The group was formed about 20 years ago to promote human research in the experimental analysis of behavior.
It has sponsored a student paper competition for the past 15 years.
Yamaguchi presented his paper and received his award May 28 at the annual convention of the Association for Behavior Analysis in Washington, D.C
"Yamaguchi's research focused on the behavior of groups and their patterns of distribution," said Gregory Madden, assistant professor of psychology.
Madden supervised the research along with Blaine Peden, professor of psychology.
"In the big picture, it studied how people make their decisions and what affects their decision-making processes," Yamaguchi said.
"The results of Yamaguchi's experiments showed that humans follow distribution patterns similar to other animals, grouping themselves according to the resources available to them," Madden said.
"Although undergraduates do not often submit their works to the competition," Madden said he encouraged Yamaguchi to do so.
"I thought he had a good chance of winning.

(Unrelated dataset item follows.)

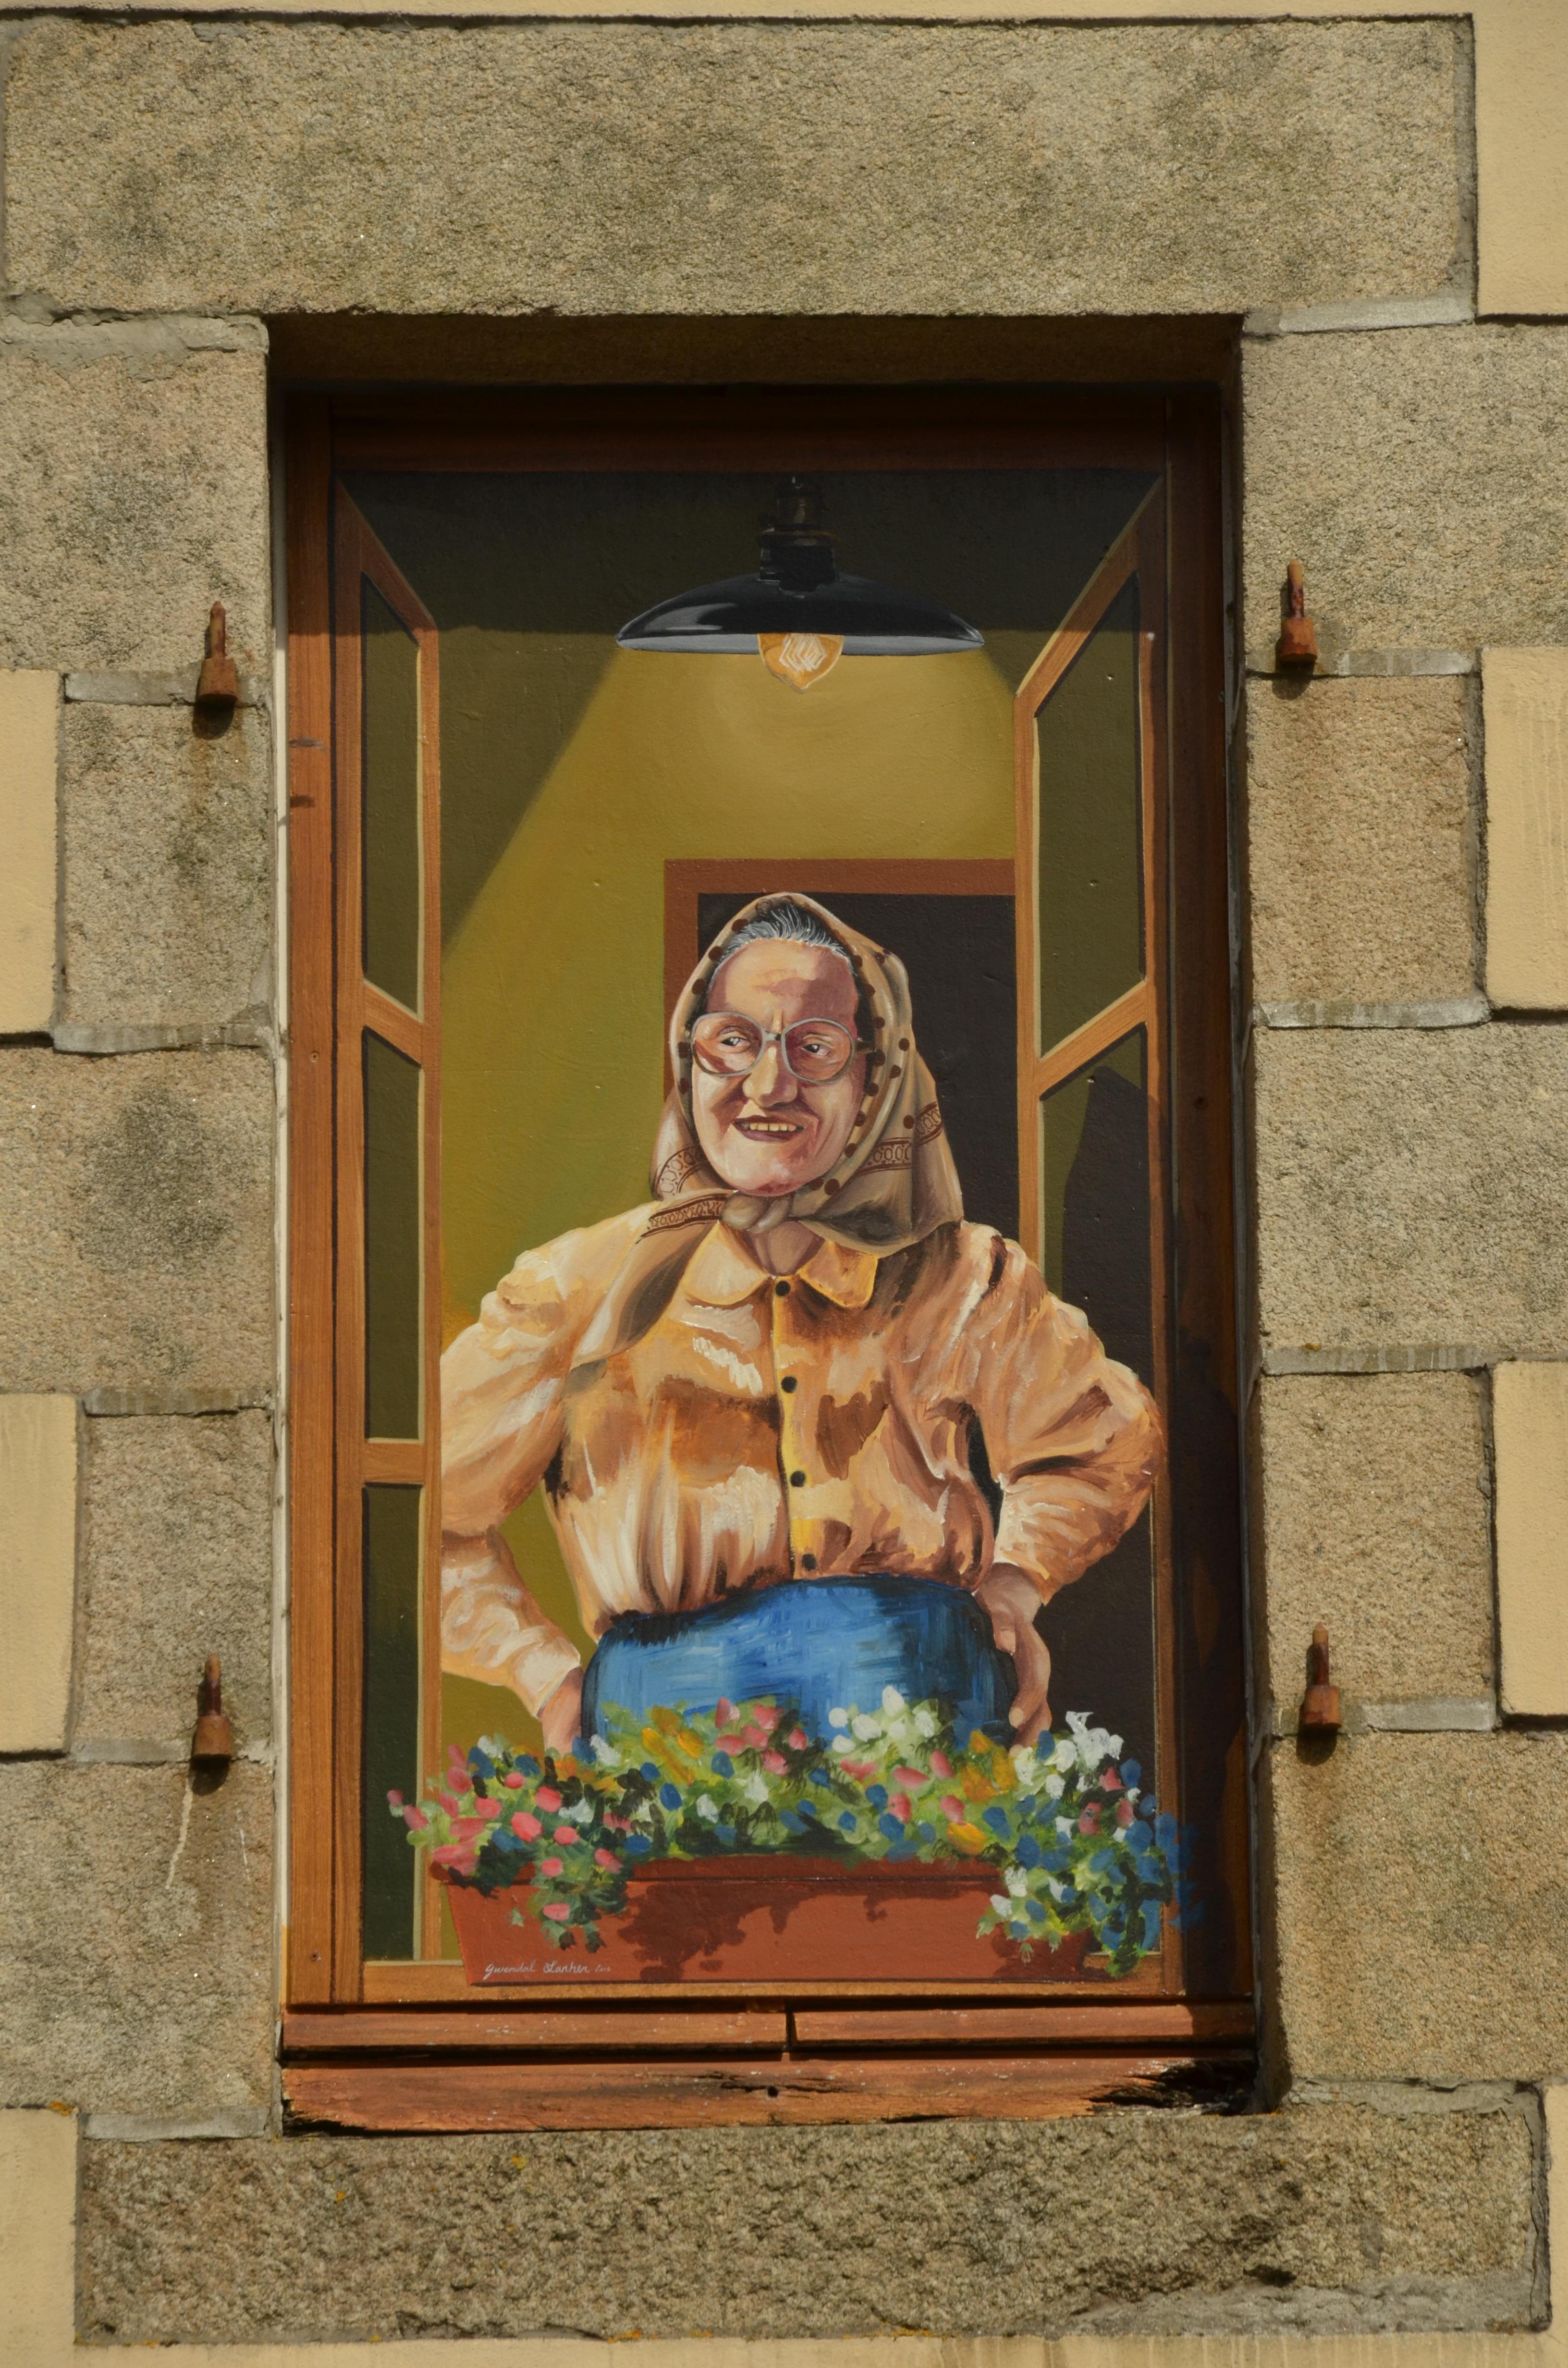 Fotograf Kadin Pencere Bardak Eski Renk Duvar Yazisi

He had very good data and a timely subject matter," he said.
Yamaguchi said the prospect of receiving feedback on his work from experts in the field also encouraged him to submit his paper.
"Editors of major journals review all of the submitted papers before the winners are selected," Madden said
"Typically, the past winners of this award have been graduate students," he said. "I have never heard of an undergraduate winning before."
After graduating from UW-Eau Claire, Yamaguchi returned to Japan.
"Since I am Japanese, I figured it would be good to know how people do things in Japan," he said.
He is currently a graduate student at Osaka City University. He plans to be in Japan for the next two years before returning to the United States to earn his doctoral degree.